Out of the gate, I found Last.fm to be frustrating. It takes a while for it to build up a profile and start recommending stuff. But I wanted new music now! What I really wanted was a Netflix-style tool so I could browse through their database and rate artists, songs, and albums. When I did get around to getting recommendations, they were off-kilter. I kept getting Black-Eyed Peas songs—I guess because I’m gay for JT.
Pandora rocked from the get-go. Nothing to download (Last.fm needs to install a plugin for your music player so they can scrobble your listening). It just asks for your favorite artist or song, plays on of their tracks, and then plays something else it thinks you’ll like. In my case, the second track it played kicked ass and it was from an artists I’d never heard of.

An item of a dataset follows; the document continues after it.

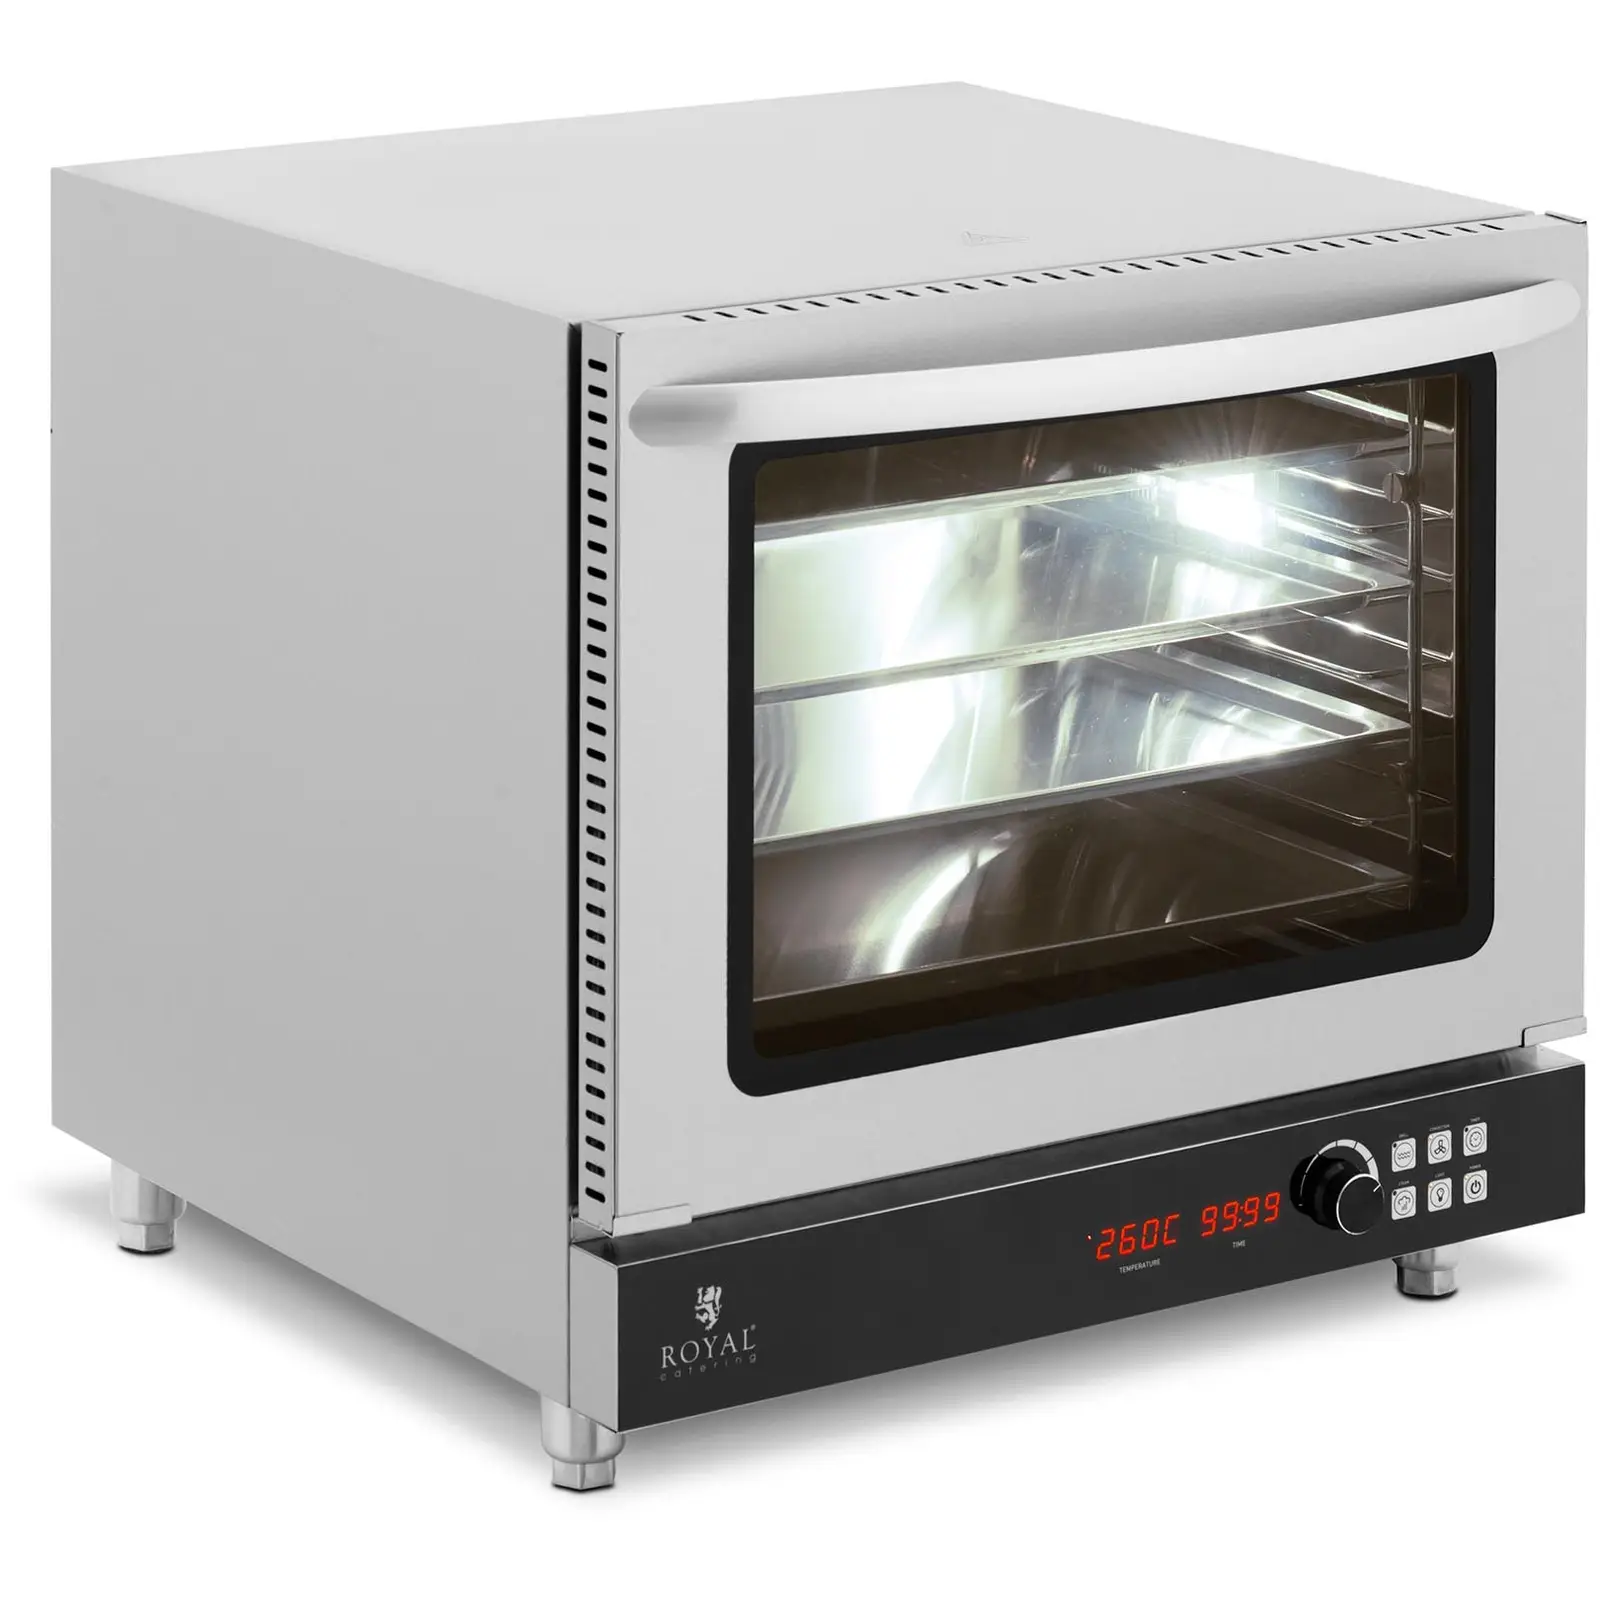 Hot air oven - 2800 W - Timer - 3 functions - 4 Trays - 0

Pandora, however, does have a habit of taking some strange turns. If it plays something you love or hate, you can tell it, and it uses this information to further refine your station. This can be a problem because the algorithm seems to employ a reductionist approach: if you tell it you like two artists, then it focuses primarily on the attributes that those artists share when selecting additional tracks. The more songs you give the thumbs-up to, the fewer qualities it uses. I found it necessary to carefully manage the “love” and “hate” lists for each station and to restrain myself from giving a positive score to every that sounded good. Then again, I can be a bit of a perfectionist and control freak when it comes to music.
Last.fm, in contrast, seems to only improve the longer I use it. Given the way it works, this makes sense. I haven’t heard the Black Eyed Peas in a long time, and it keeps pulling tracks that I know and love but haven’t listened to since I started scrobbling.
In the final analysis, there’s no clear winner in this battle. I’m prejudiced in favor of Pandora because I like the way their algorithm works, whereas just because I like Interpol and JT doesn’t mean that another Interpol is going to want to bring sexy back. I’m sure that’s a gross oversimplification of how Last.fm works, and I have yet to find any objective reason to dismiss their service.
It should be said that neither service is terribly good for checking out a particular artist that you’ve heard about; they’re really geared towards discovering those artists, not exploring artists’ catalogs. Nonetheless, both are valuable services that I will continue to use for sometime. Hopefully Congress will do the right thing and save Internet radio.